The book’s 29 chapters examine many facets of the main thesis. A chapter entitled “The Genie” tells how fracking began and how it has evolved. Seeking to tap a huge pool of natural gas more than 8,000 feet below the surface, the Atomic Energy Commission in 1969 used a 50-kiloton nuclear bomb to create a 300-foot high cavern. Tests conducted over 108 days suggested a flow equivalent to ten years of natural gas at conventional drilled sites in Colorado. The gas however was radioactive with tritium and Krypton-85. The AEC tried again in 1973, once more in Colorado. It exploded three 33-kiloton bombs at three separate levels within 851 feet of each other. But radioactivity proved dangerous and commercial prospects disappeared. The usable gas was valued at only 40 percent of the costs.

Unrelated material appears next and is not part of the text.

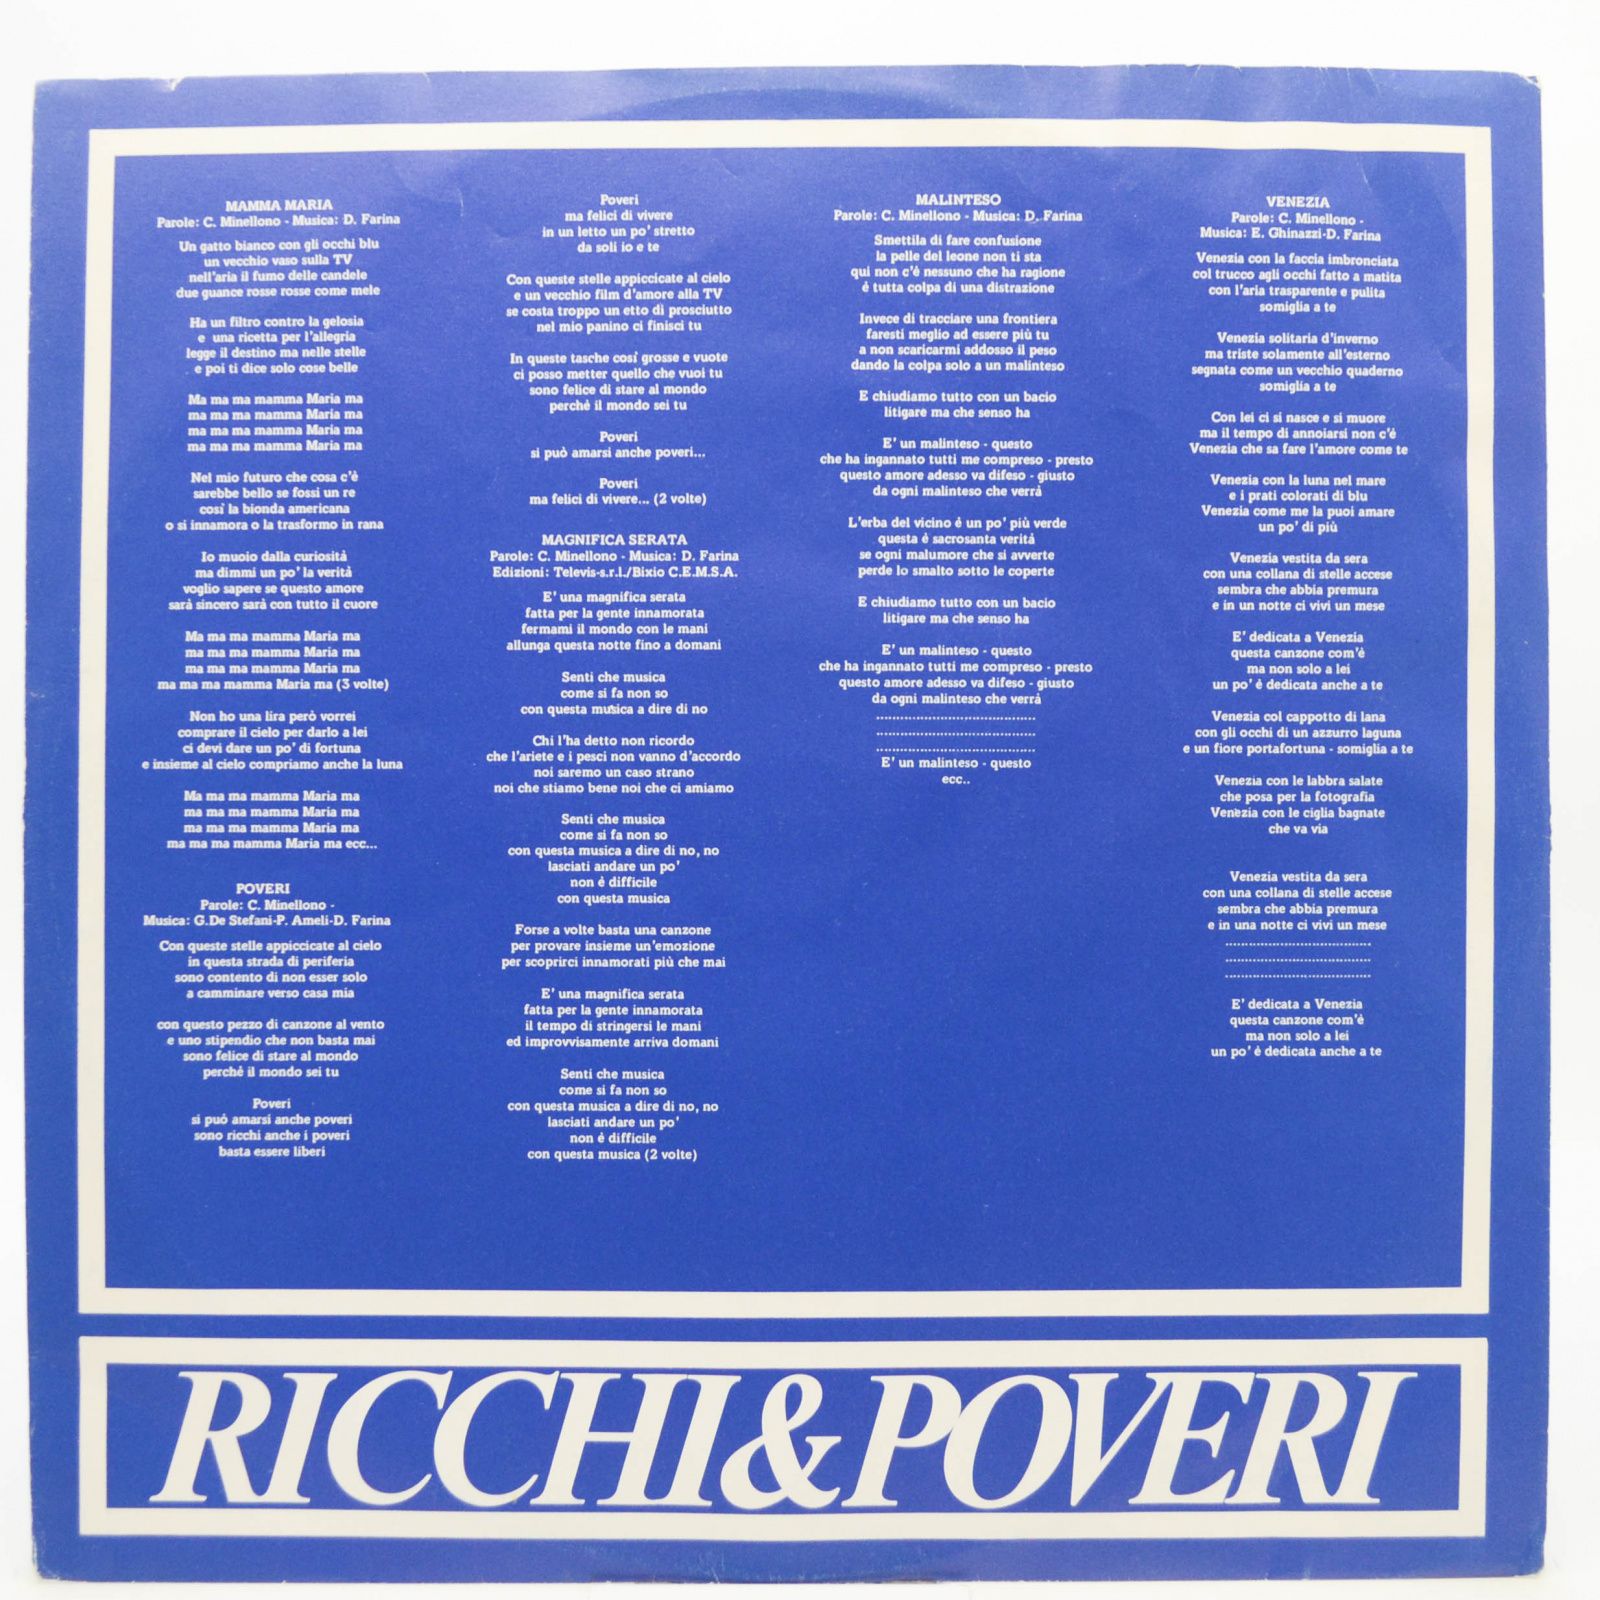 Ricchi & Poveri — Mamma Maria (Italy), 1982

Fracking turned a corner in the early 21st century. A combination of slickwatered hydraulic fracturing and horizontal drilling made fracking in many places a profitable enterprise. The United States began to produce more natural gas than Russia, but dangers remain. Hydraulic fracturing often seems to induce earthquakes and to poison water supplies.
The book contains much material to make many readers irate, but also some that is downright entertaining. The chapter on Russian illegals posing as Americans, some for nearly 20 years, records that they proved not just inept but ludicrous. Seeking a graduate degree from New York University, a certain “Richard Murphy” studied for three years under professor Nina Khrushcheva, great-granddaughter of ex-Soviet leader Nikita Khrushchev.
Murphy presented himself with an Irish name ever though his English revealed a heavy Russian accent. All ten illegals were under FBI watch for years. Arrested in 2010 and found guilty of many crimes, they were deported and flew back home in a prisoner exchange. In Moscow they experienced a hero’s welcome, even though they had seldom discovered anything not found in local newspapers.
The final chapter is “Containment.” Left to its own devices, the oil and gas industry will continue to do its thing and make money. It will corrode democratic governance and injure the planet. To contain the industry, regulators could go after some low-hanging fruit. For example, fossil fuel producers should be required to disclose all payments to governments. More problematic but important, polluters should be forced to pay for the damage they cause. To effectively contain the fossil fuel industry will be difficult, Maddow concludes, “but the stakes should motivate us. Democracy either wins this one or disappears. It oughta be a blowout.”